The inspector shows the DOM tree, not the authored markup as it came from the server. So showing the evaluated entities makes sense from that point of view.

However, this can lead to many confusions for users. We've had reports of people thinking that the <input /> shown in the inspector was an element, where it really is just the text in a text node.

And we've had reports of people using &emsp; for instance and not seeing it in the inspector, and therefore not understanding where the extra space was coming from.

So far we've WONTFIX'd these because there was no way for devtools to get to the authored content. But I'd like to use this bug to investigate whether we could fix this.

The inspector uses an inIDeepTreeWalker instance to walk the DOM [1] and therefore display nodes in the UI. At this stage, the HTML has already been parsed and we only walk the DOM tree, we don't have access to the original content source, right?

Would there be a way to get, for each DOM node in the tree, either the original source text for that node, or a location information for us to find it in the HTML response?

We do something sort of similar for the CSS Rules that are shown in the inspector in the sidebar. We use the CSSOM to retrieve the list of rules, but we also get the location information for these rules and properties, so we then extract the authored text from the stylesheets.
Do you think something like this would be possible for the HTML panel?

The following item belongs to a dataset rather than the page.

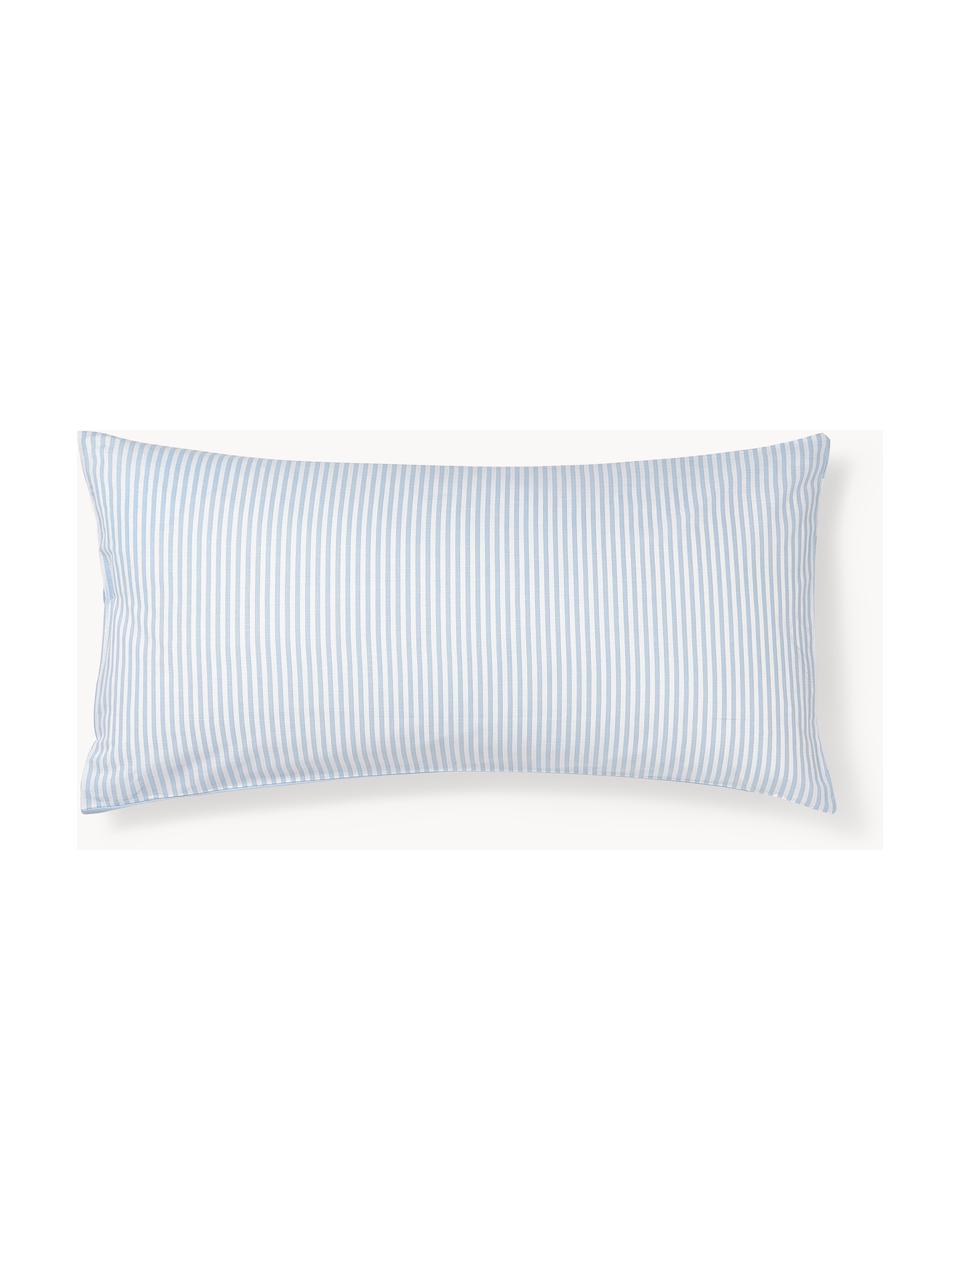 Dwustronna poszewka na poduszkę z bawełny Lorena, Jasny niebieski, biały, S 40 x D 80 cm
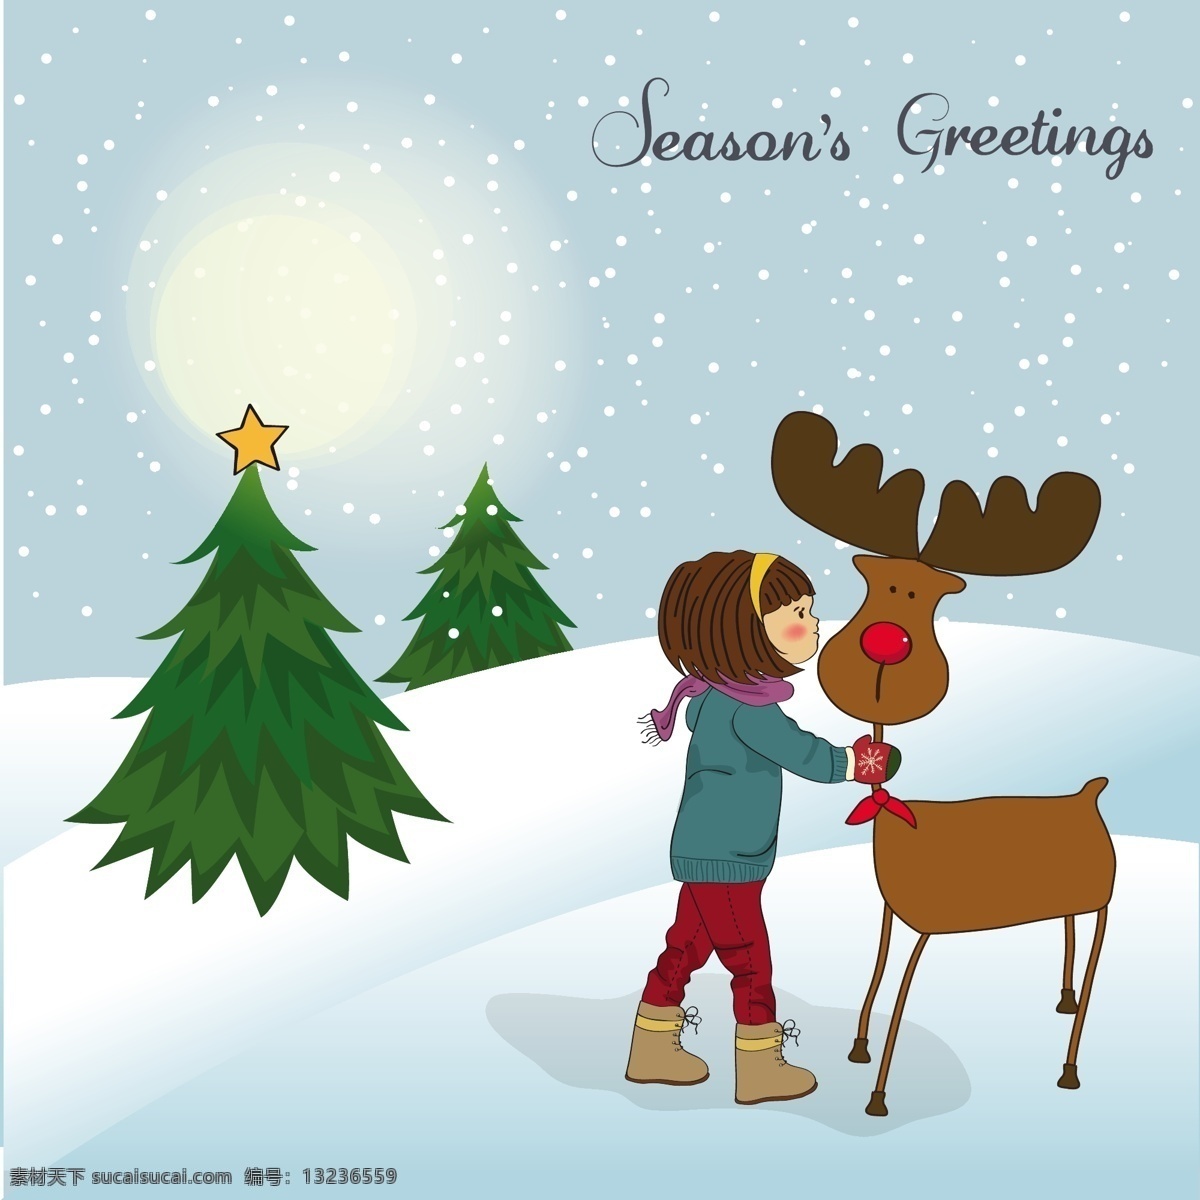 圣诞卡 可爱 小女孩 抚摸 驯鹿 自然 动物 雪 冬天 可爱的圣诞卡 圣诞 朋友 庆典 鹿 护理 冷 在一起 季节的问候 手套 可爱的动物 白色

[1] http://searchfox.org/mozilla-central/rev/ae78ab94fadabc89fc6258d03c4a1a70f763f43a/devtools/server/actors/inspector.js#2842-2865
See Also: → 967493
This would be probably a bit slow and memory hungry, so it should happen, I think, only when loading
with devtools open.
But parser could attach some extra information to nodes. Easiest way would be to use 
nsINode::SetProperty. What can be a bit tricky is to detect when data is from some script in which case the property parser had set should be removed.


hsivonen might have some ideas here.
Flags: needinfo?(hsivonen)
(In reply to Patrick Brosset <:pbro> from comment #0)
> So far we've WONTFIX'd these because there was no way for devtools to get to
> the authored content. But I'd like to use this bug to investigate whether we
> could fix this.

... and be the ONLY browser manufacturer to have such a facility!
(In reply to Patrick Brosset <:pbro> from comment #0)
> However, this can lead to many confusions for users. We've had reports of
> people thinking that the <input /> shown in the inspector was an element,
> where it really is just the text in a text node.
> 
> And we've had reports of people using &emsp; for instance and not seeing it
> in the inspector, and therefore not understanding where the extra space was
> coming from.

I observe that all the characters cited as actually confusing are ones that the innerHTML getter escapes.
 
> So far we've WONTFIX'd these because there was no way for devtools to get to
> the authored content. But I'd like to use this bug to investigate whether we
> could fix this.

Addressing the confusion of users who lack conceptual clarity between the source and the DOM by showing the *actual* source is a total overkill if the confusion could be addressed by escaping just the few characters that the innerHTML getter escapes.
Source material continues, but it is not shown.